Mr Speaker: Assoc Prof Jamus Lim.
Assoc Prof Jamus Jerome Lim (Sengkang): Mr Speaker, if I may reiterate the second part of my original Parliamentary Question (PQ), the issue, which Minister Lawrence Wong has suggested is that, the distribution of real income growth and the impact that inflation has on real income growth for different quintiles of the income distribution is different. There has been a larger-than-expected erosion of real wages expected by the very poorest. And, so, it makes sense, I would argue, for this group to have a GSTV payout adjusted accordingly, unless perhaps the Minister has identified that it is still the case that the five years of frozen GST is still the case because of higher inflation.
And if I may follow with a second supplementary question, I wonder if MOF has actually performed studies to ascertain that the PWM payouts for this group will more than actually offset real income losses that they have already incurred as a result of inflation.

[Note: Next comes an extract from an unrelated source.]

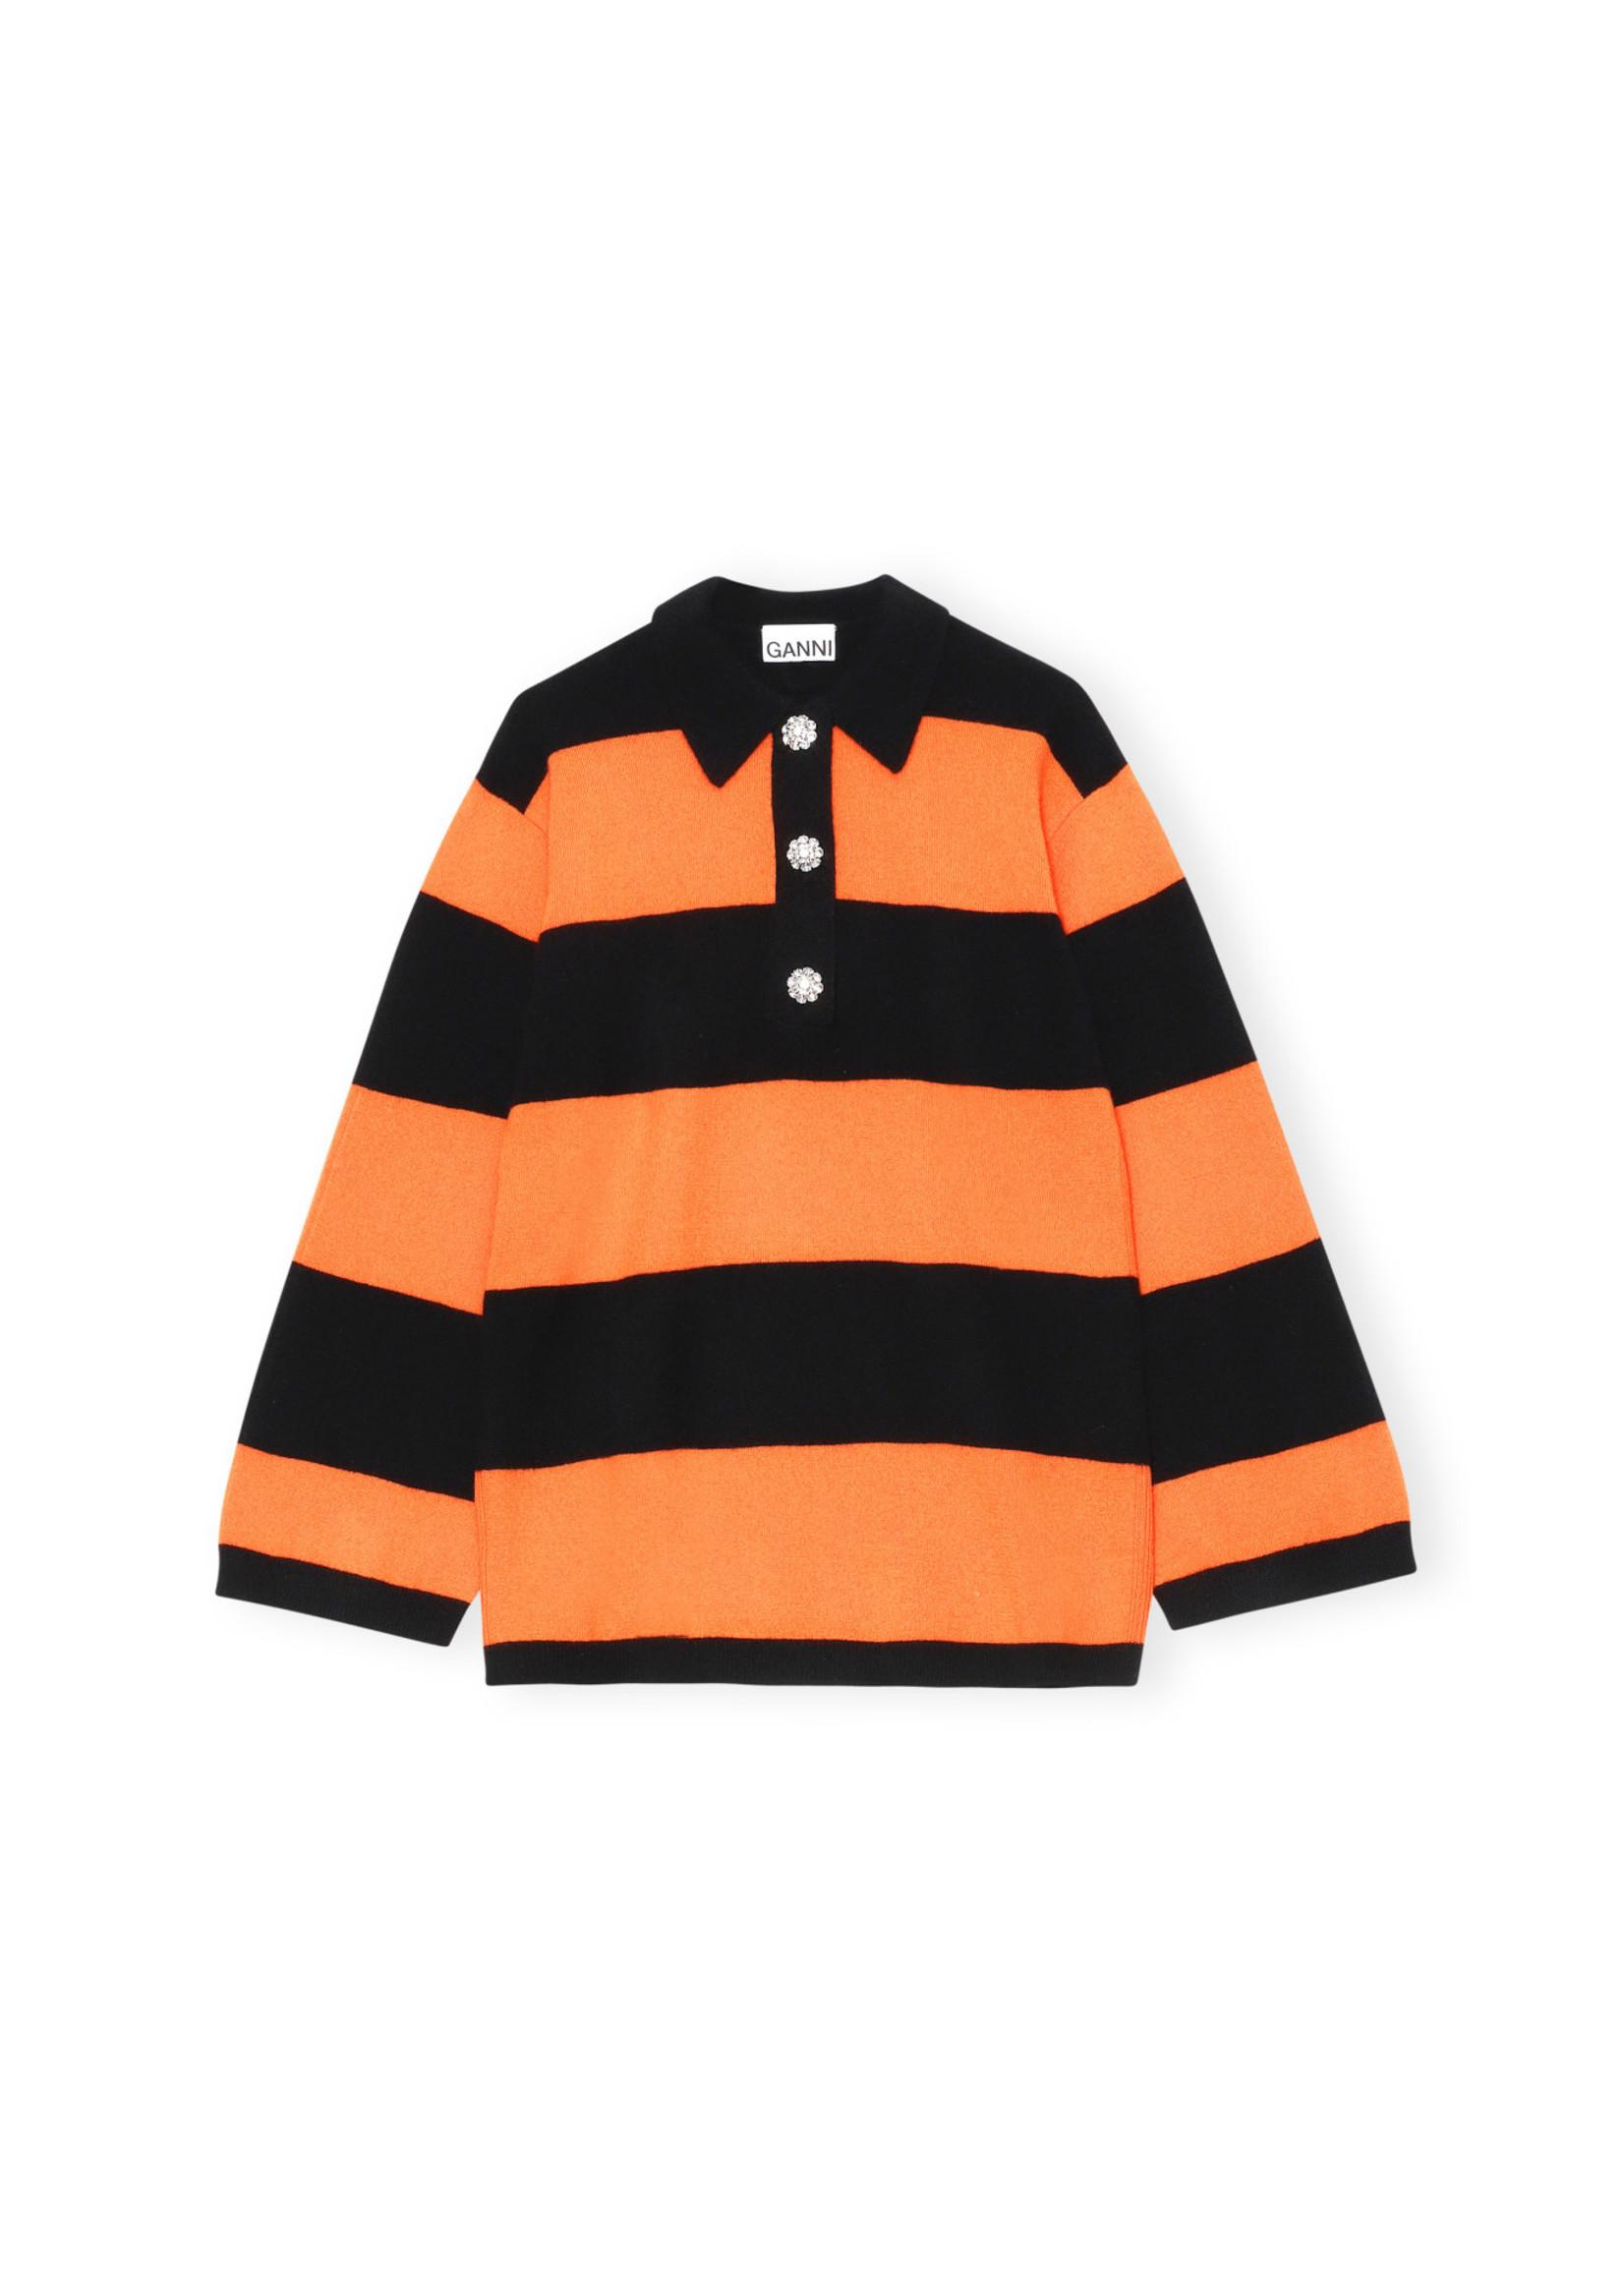 GANNI Cashmere Stripe Polo in Orange and Black

Mr Lawrence Wong: Sir, that was exactly the point I was making just now in my reply, which is that we are looking and monitoring very closely at income growth of the different segments of society, taking into consideration the rollout of PWM, Workfare and all of these measures; and then looking at how higher inflation is impacting each of these segments. We fully understand that higher inflation disproportionately impacts the lower-income groups. Which is why our measures have already taken that into consideration and we give a lot more help to the low-income groups, both in our Assurance Package as well as in the cost of living package which we designed and rolled out in June this year.
After taking all into consideration, we are monitoring, we are looking at the latest figures. And as I mentioned just now, if there is still a gap that some groups face, in terms of difficulties coping with higher inflation, even after taking into account all the different packages and measures, we will certainly consider doing more to help these families cope through these challenging times.